As to recommended books, I think for what you're working on, stepping
away from theory books (not in general, mind you!) and looking for
books that are specific to the RDBMS you're working with (which is, by
the way, what?) would take you farther on this specific question.

For books that are more theory-oriented, perhaps _Databases, Types and
the Relational Model_ by Date would be of interest to you.

Regards,

--Jeff
Rune Allnor - 05 Sep 2008 20:12 GMT
> > Hi all.
>
[quoted text clipped - 30 lines]
> along with the object-relational wave of the last decade. The RMoD
> certainly doesn't circumscribe (data) types.

I'm a total nephyte on the subject; acronyms are foreign to me.
RDBMS = Relational DataBase Management System...?
RMoD = ?

> Anyway, although it sounds like your textbook is using textual
> attributes in its examples, RDBMSs are quite capable of efficiently
> storing and allowing you to manipulate binary data. Are you speaking
> of sonar *images* here, or some other, more fine-grained, measurement?

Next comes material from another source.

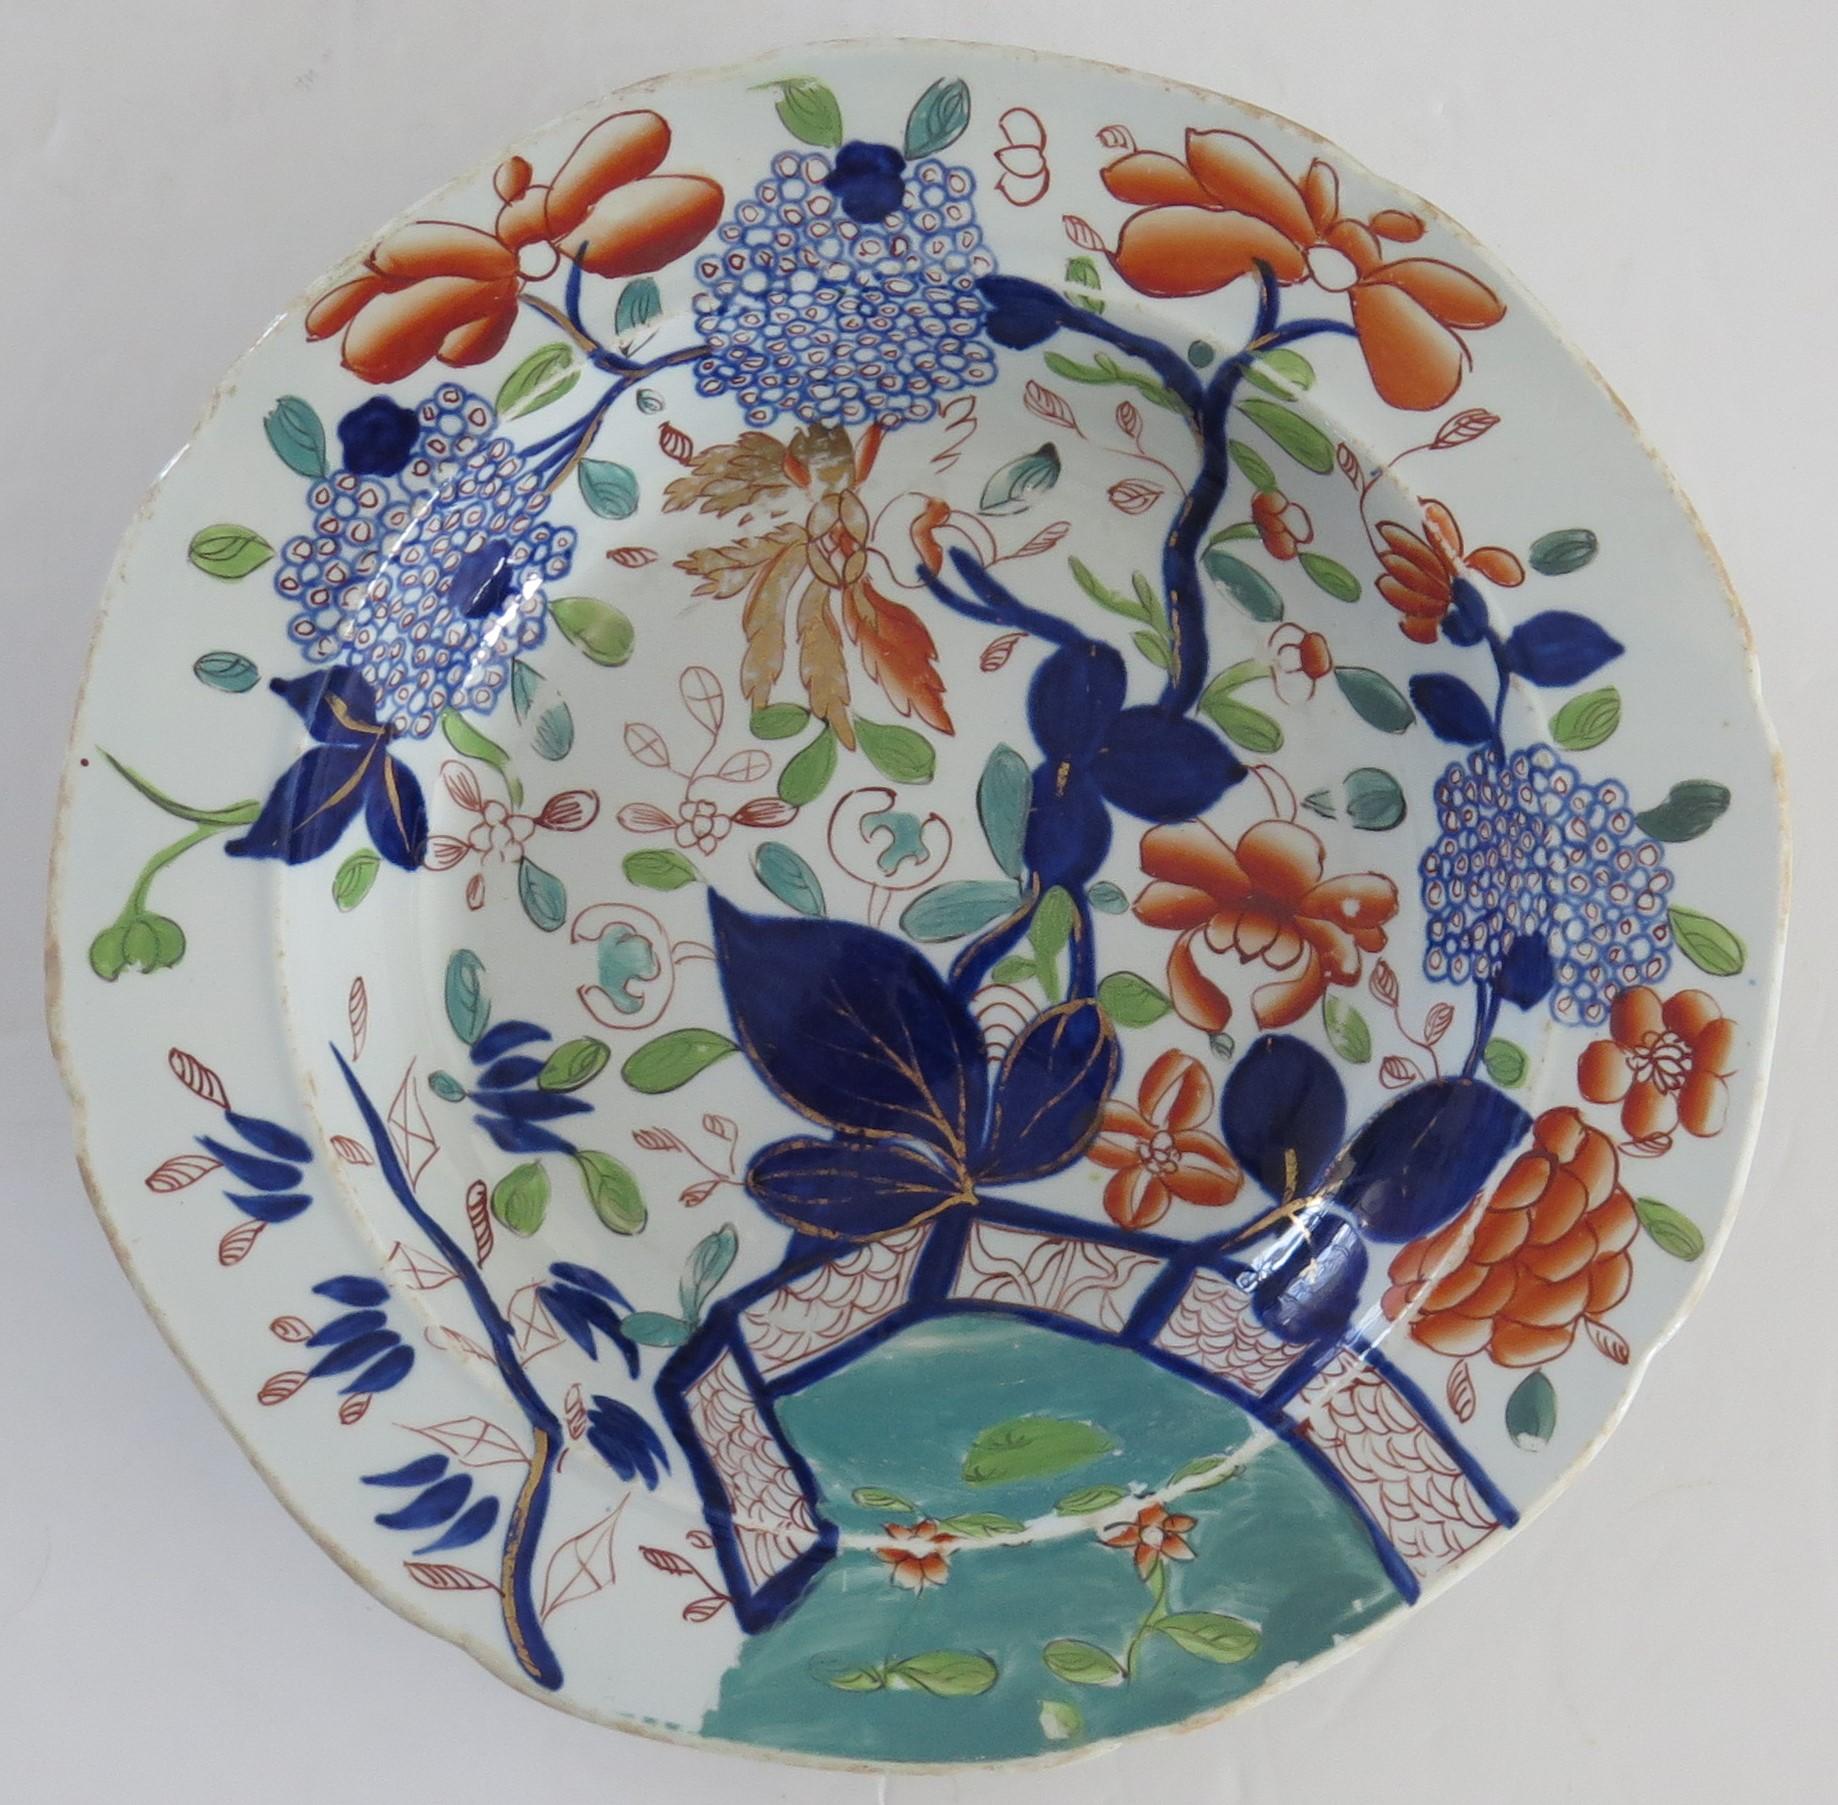 Dies ist eine sehr gute frühe Mason's Eisenstein Keramik Suppenschüssel oder tiefen Teller von Hand in der Fence, Blue Leaf & Lilac Muster gemalt,  hergestellt von der Mason's Factory in Lane Delph, Staffordshire, England, ca. 1813-1820.

Der Teller

It's anything and everything. Lots of data, measurements and
information flowing all over the place; keeping track is a
full-time job. Literally.

> As to recommended books, I think for what you're working on, stepping
> away from theory books (not in general, mind you!) and looking for
> books that are specific to the RDBMS you're working with (which is, by
> the way, what?) would take you farther on this specific question.

Just looking at options for now. I know what need be done, the
question is if there are good or bad ways of doing it.

> For books that are more theory-oriented, perhaps _Databases, Types and
> the Relational Model_ by Date would be of interest to you.

Thanks.

Rune
jefftyzzer - 05 Sep 2008 20:21 GMT
> > > Hi all.
>
[quoted text clipped - 58 lines]
>
> Rune

Yep, you got "RDBMS" right, and "RMoD" = the Relational Model of Data,
the body of theory collectively undergirding RDBMS's (note that the
vendors' fidelity to the model varies, but that's a story for another
day).

--Jeff
Ed Prochak - 22 Sep 2008 21:05 GMT
> > > Hi all.
>
[quoted text clipped - 58 lines]
>
> Rune

For specific products I was going to suggest PROGRESS, but it looks
like they abandoned their database product. (I guess that happens when
you haven't looked at a product for over 10 years.)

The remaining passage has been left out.